Layer 7 Policies
Layer 7 policy rules are embedded into Layer 4 rules and can be specified
for ingress and egress. L7Rules structure is a base type containing an
enumeration of protocol specific fields.
// L7Rules is a union of port level rule types. Mixing of different port
// level rule types is disallowed, so exactly one of the following must be set.
// If none are specified, then no additional port level rules are applied.
type L7Rules struct {
// HTTP specific rules.
//
// +optional
HTTP []PortRuleHTTP `json:"http,omitempty"`
// Kafka-specific rules.
//
// +optional
Kafka []PortRuleKafka `json:"kafka,omitempty"`
// DNS-specific rules.
//
// +optional
DNS []PortRuleDNS `json:"dns,omitempty"`
}
The structure is implemented as a union, i.e. only one member field can be used
per port. If multiple toPorts rules with identical PortProtocol select
an overlapping list of endpoints, then the layer 7 rules are combined together
if they are of the same type. If the type differs, the policy is rejected.
Each member consists of a list of application protocol rules. A layer 7 request is permitted if at least one of the rules matches. If no rules are specified, then all traffic is permitted.
If a layer 4 rule is specified in the policy, and a similar layer 4 rule with layer 7 rules is also specified, then the layer 7 portions of the latter rule will have no effect.
Note
Unlike layer 3 and layer 4 policies, violation of layer 7 rules does not result in packet drops. Instead, if possible, an application protocol specific access denied message is crafted and returned, e.g. an HTTP 403 access denied is sent back for HTTP requests which violate the policy, or a DNS REFUSED response for DNS requests.
Note
Layer 7 rules support port ranges, except for DNS rules.
Note
In Host Policies, i.e. policies that use Node Selector, only DNS layer 7 rules are currently functional. Other types of layer 7 rules cannot be specified in Host Policies.
Host layer 7 DNS policies are a beta feature.

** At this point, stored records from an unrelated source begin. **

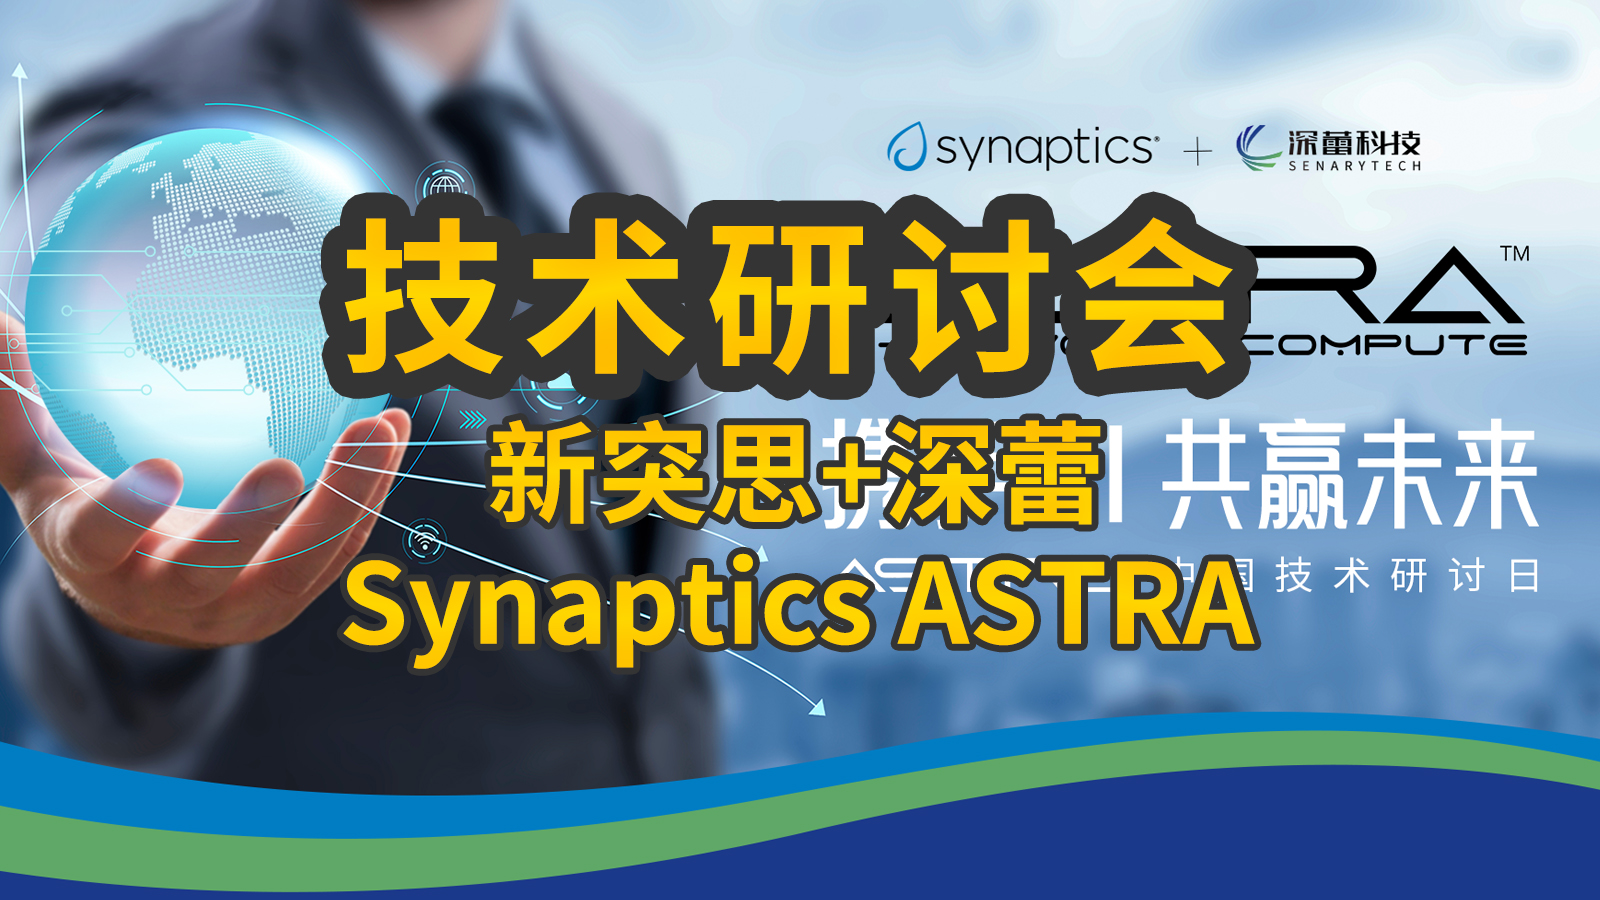 2024年6月12日深蕾科技攜手Synaptics舉辦Astra中國技術研討會
本次活動主題：攜手AI，共贏未
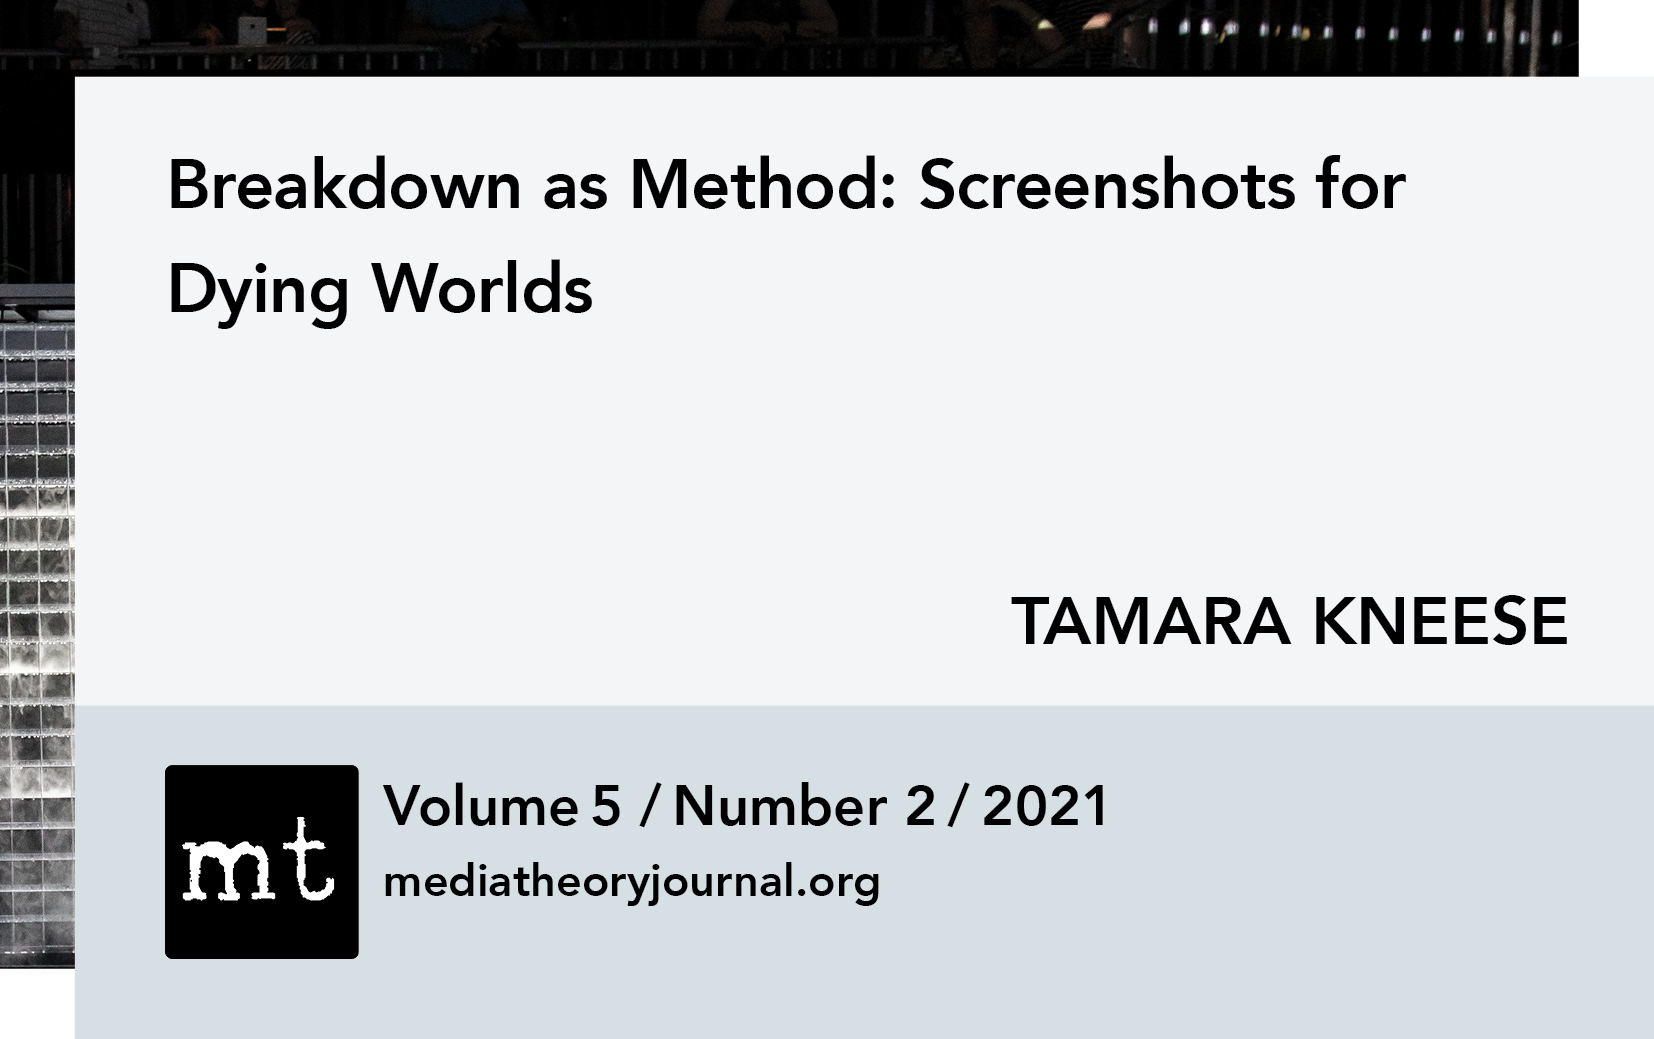 Tamara Kneese: Breakdown as Method
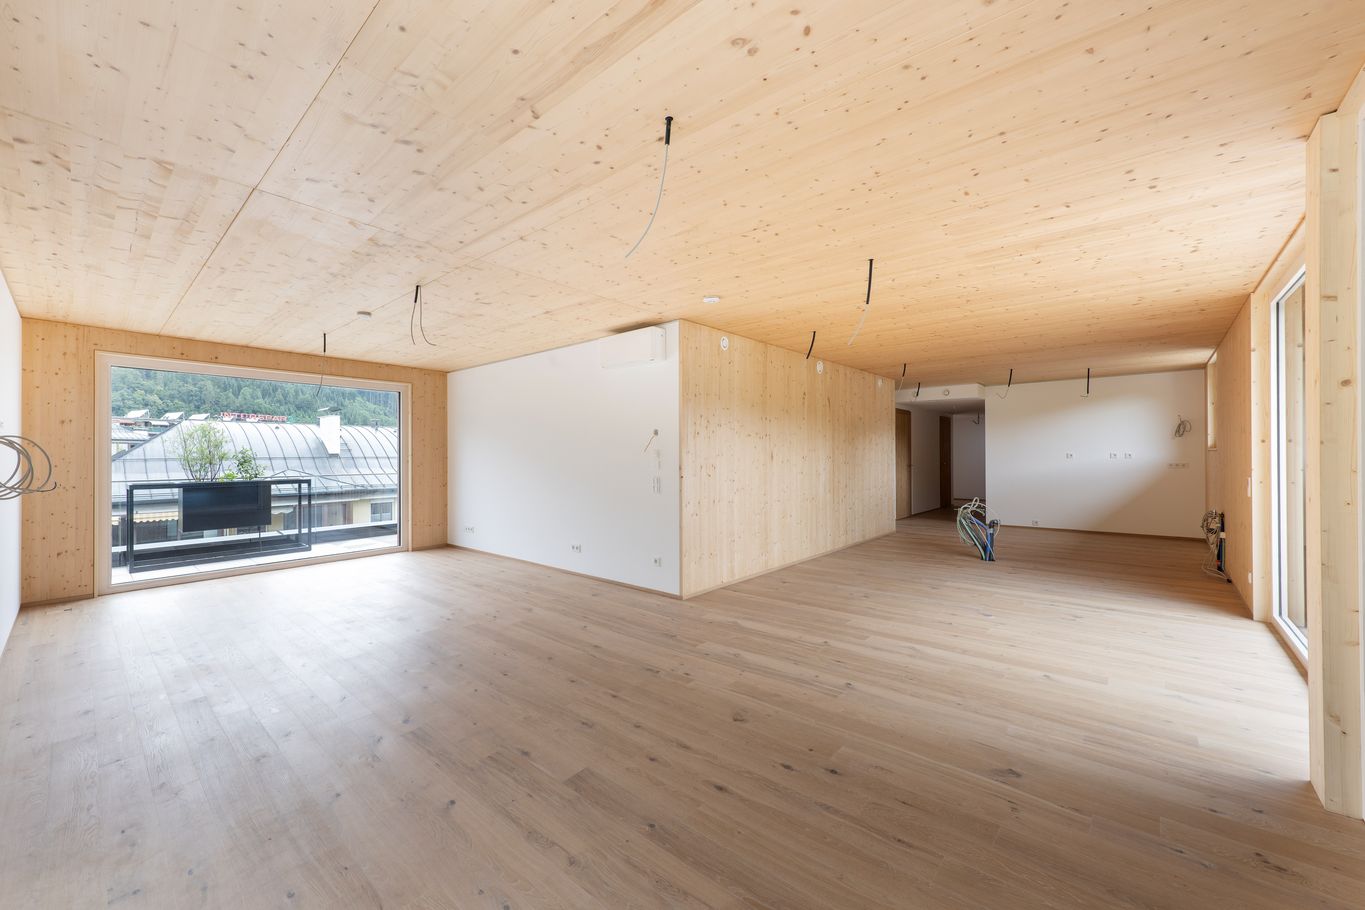 Vue de l’intérieur avec éléments BBS lamellé croisé en qualité habitat © Foto Gretter / Unterberger Immobilien

Please provide feedback and file a GitHub issue if you experience any problems.
Note
Layer 7 policies will proxy traffic through a node-local Envoy instance, which will either be deployed as a DaemonSet or embedded in the agent pod. When Envoy is embedded in the agent pod, Layer 7 traffic targeted by policies will therefore depend on the availability of the Cilium agent pod.
Note
L7 policies for SNATed IPv6 traffic (e.g., pod-to-world) require a kernel with the fix applied. The stable kernel versions with the fix are 6.14.1, 6.12.22, 6.6.86, 6.1.133, 5.15.180, 5.10.236. See GitHub issue 37932 for the reference.
HTTP
The following fields can be matched on:
- Path
Path is an extended POSIX regex matched against the path of a request. Currently it can contain characters disallowed from the conventional “path” part of a URL as defined by RFC 3986. Paths must begin with a
/. If omitted or empty, all paths are all allowed.- Method
Method is an extended POSIX regex matched against the method of a request, e.g.
GET,POST,PUT,PATCH,DELETE, … If omitted or empty, all methods are allowed.- Host
Host is an extended POSIX regex matched against the host header of a request, e.g.

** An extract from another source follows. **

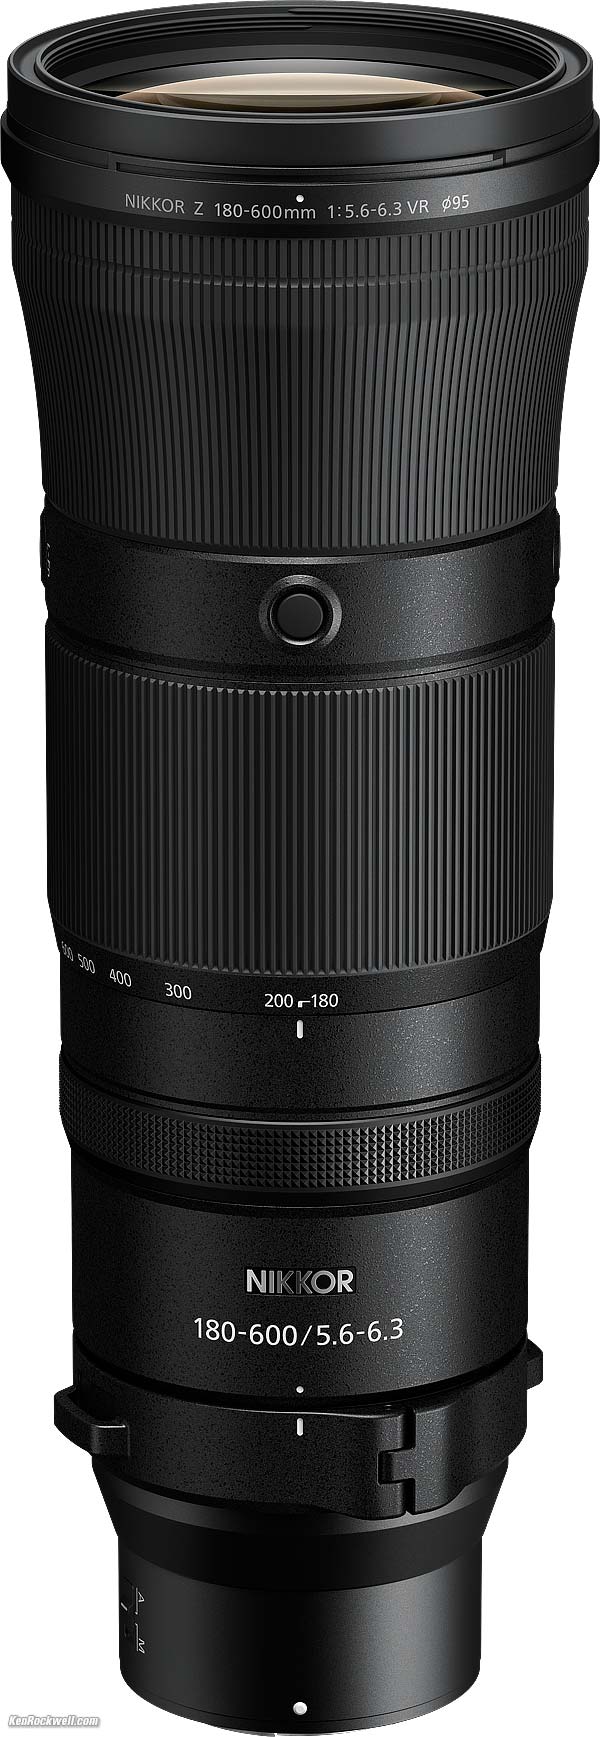 Nikon Z 180-600mm f/5.6-6.3 Review

foo.com. If omitted or empty, the value of the host header is ignored.- Headers
Headers is a list of HTTP headers which must be present in the request. If omitted or empty, requests are allowed regardless of headers present.

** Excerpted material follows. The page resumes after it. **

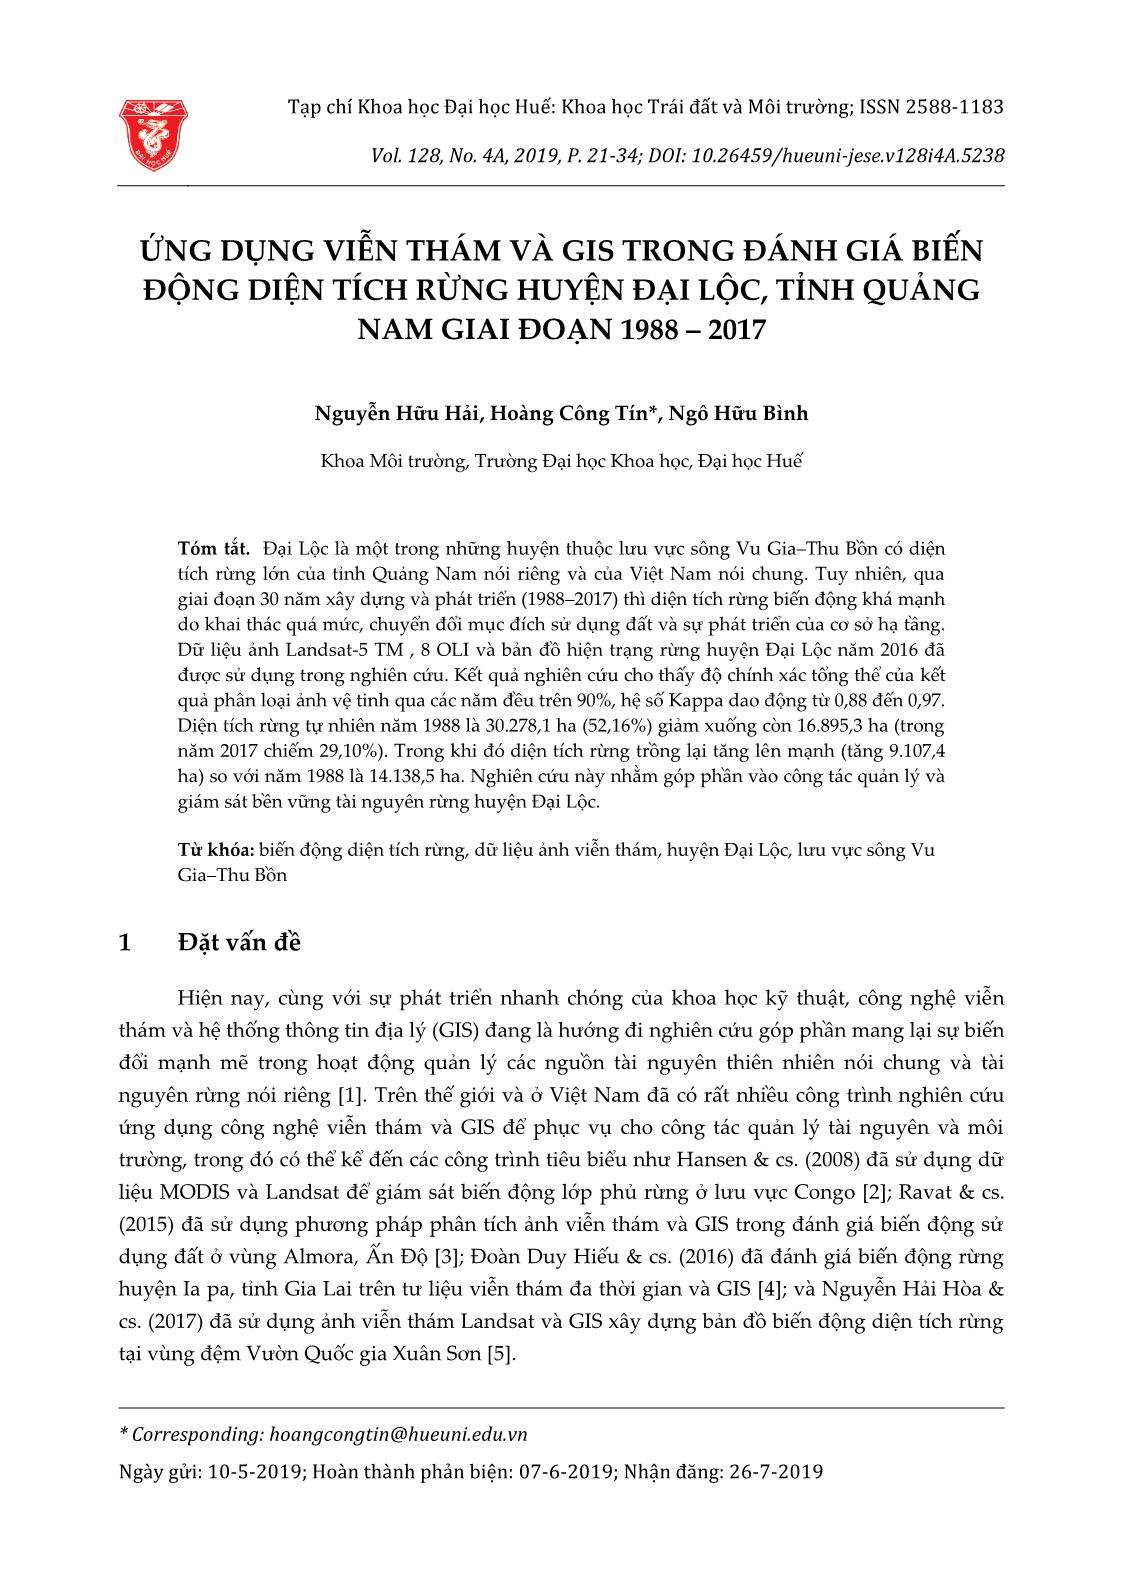 Ứng dụng viễn thám và GIS trong đánh giá biến động diện tích rừng huyện Đại Lộc, tỉnh Quảng Nam giai đoạn 1988-2017 trang 1

It’s also possible to do some more advanced header matching against header values.
HeaderMatchesis a list of HTTP headers which must be present and match against the given values. Mismatch field can be used to specify what to do when there is no match.
Allow GET /public
The following example allows GET requests to the URL /public from the
endpoints with the labels env=prod to endpoints with the labels
app=service, but requests to any other URL, or using another method, will
be rejected. Requests on ports other than port 80 will be dropped.
apiVersion: "cilium.io/v2"
kind: CiliumNetworkPolicy
metadata:
name: "rule1"
spec:
description: "Allow HTTP GET /public from env=prod to app=service"
endpointSelector:
matchLabels:
app: service
ingress:
- fromEndpoints:
- matchLabels:
env: prod
toPorts:
- ports:
- port: "80"
protocol: TCP
rules:
http:
- method: "GET"
path: "/public"
All GET /path1 and PUT /path2 when header set
The following example limits all endpoints which carry the labels
app=myService to only be able to receive packets on port 80 using TCP.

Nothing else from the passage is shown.